We are considering the registration of our medical device in the US and I am struggling to find the FDA product code.
Our medical device has the GMDN code 60702 and I was therefore wondering if there was a possibility fo find a corresponding FDA product code thanks to the GMDN code?
Thank you !
 

mihzago

Trusted Information Resource
What registration are you trying to perform?
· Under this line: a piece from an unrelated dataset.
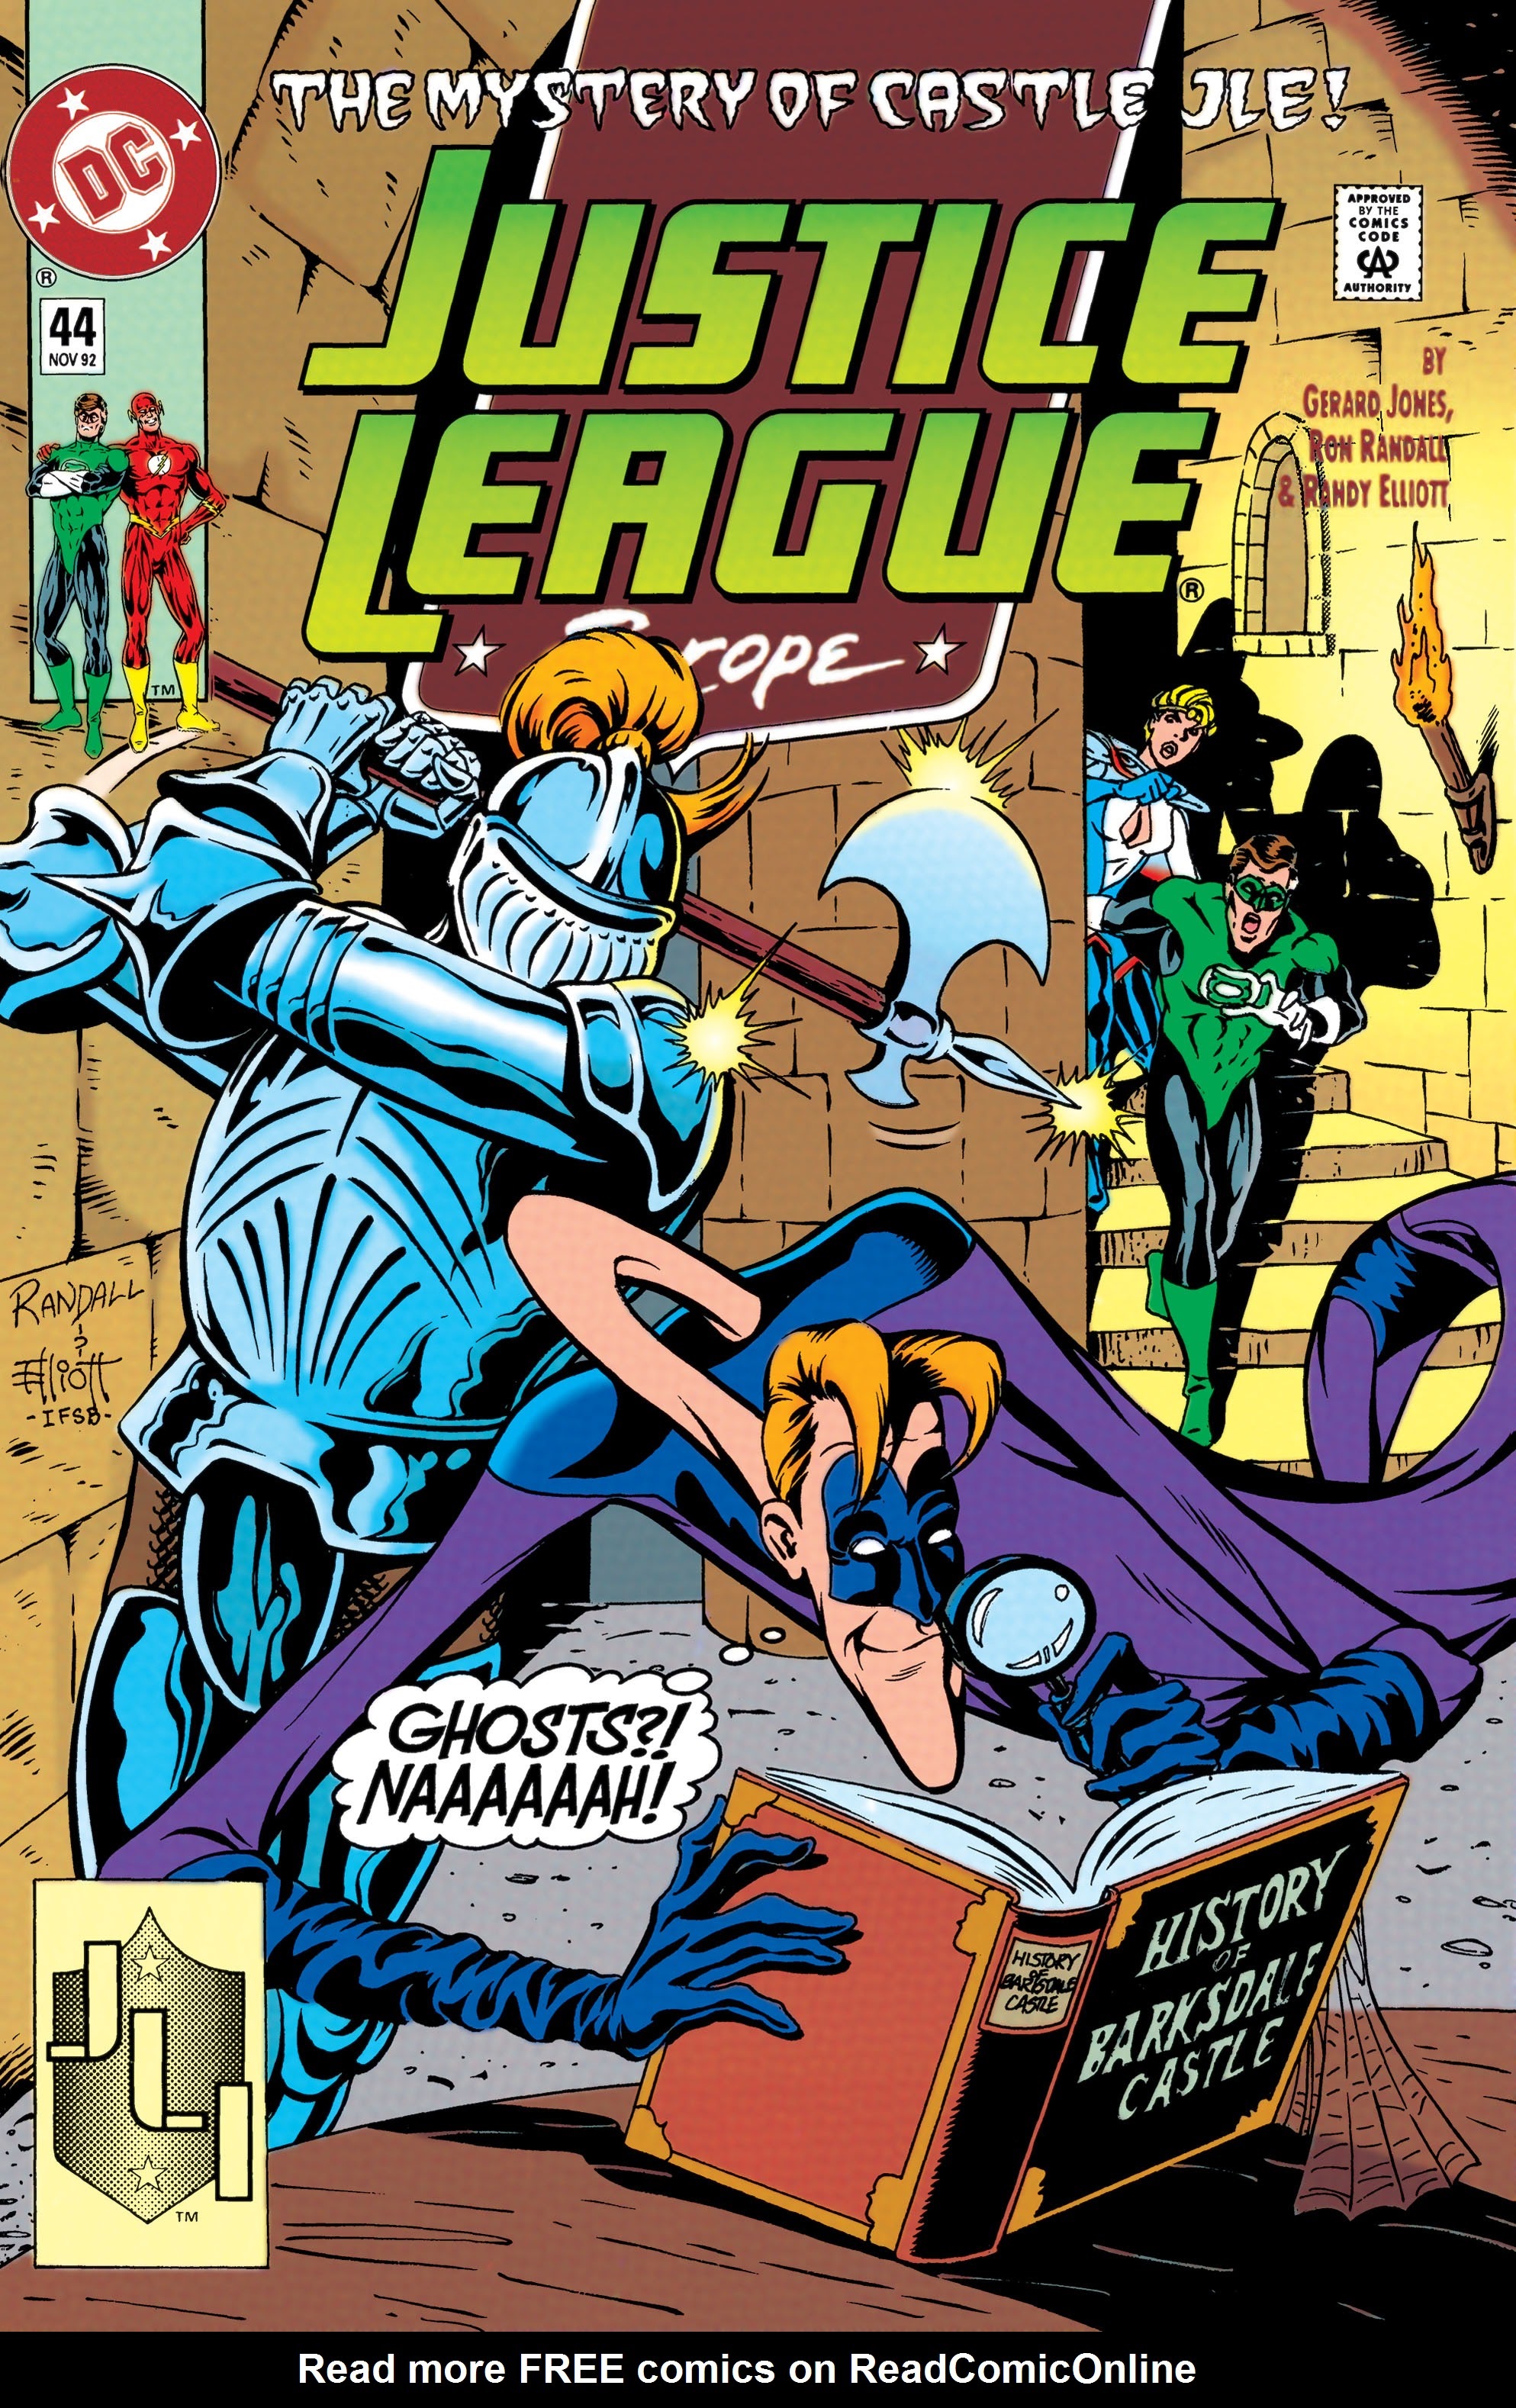 Read online Justice League Europe comic -  Issue #44 - 1

Are you looking for a predicate device to submit a 510(k), or are you trying to register the device with the GUDID?
GMDN codes do not correspond to the FDA Product Classification Codes; however, GUDID database uses GMDN terms but the numbering is not the same.
What device is GMDN code 60702?
 

TomQA

Involved In Discussions
Hi, thanks for your response.
Basically I would like to know the product code to know the classification of the device.
The device's description with the GMDN code 60702 is the following :
"An application software program designed as an Internet-based information system to support the administrative, clinical, and quality control activities associated with the provision/utilization of healthcare within a specific clinical specialty (neurology). It can be available on any web-enabled interface (including mobile devices at point-of-care) and is intended for use by healthcare professionals in a clinical setting. (definition of the GMDN code."
Basically the device is a software/webapp/platform for the therapist to plan the therapy sessions for the patient which uses a medical device with product code QKC.
 

TomQA

Involved In Discussions
Yes this device we already know (Device B let's call it).
I am trying to find the product code of Device A that is used to create a therapy plan for a patient which used Device B.
Device A is an accessory to Device B
 

mihzago

Trusted Information Resource
It's quite possible it fits within the same product code as the parent device.
There are usually limits to exemptions, so if for example the app to create the therapy plan does it automatically without clinician input based on information it collects from the parent device, then you may have to consider submitting a 510(k).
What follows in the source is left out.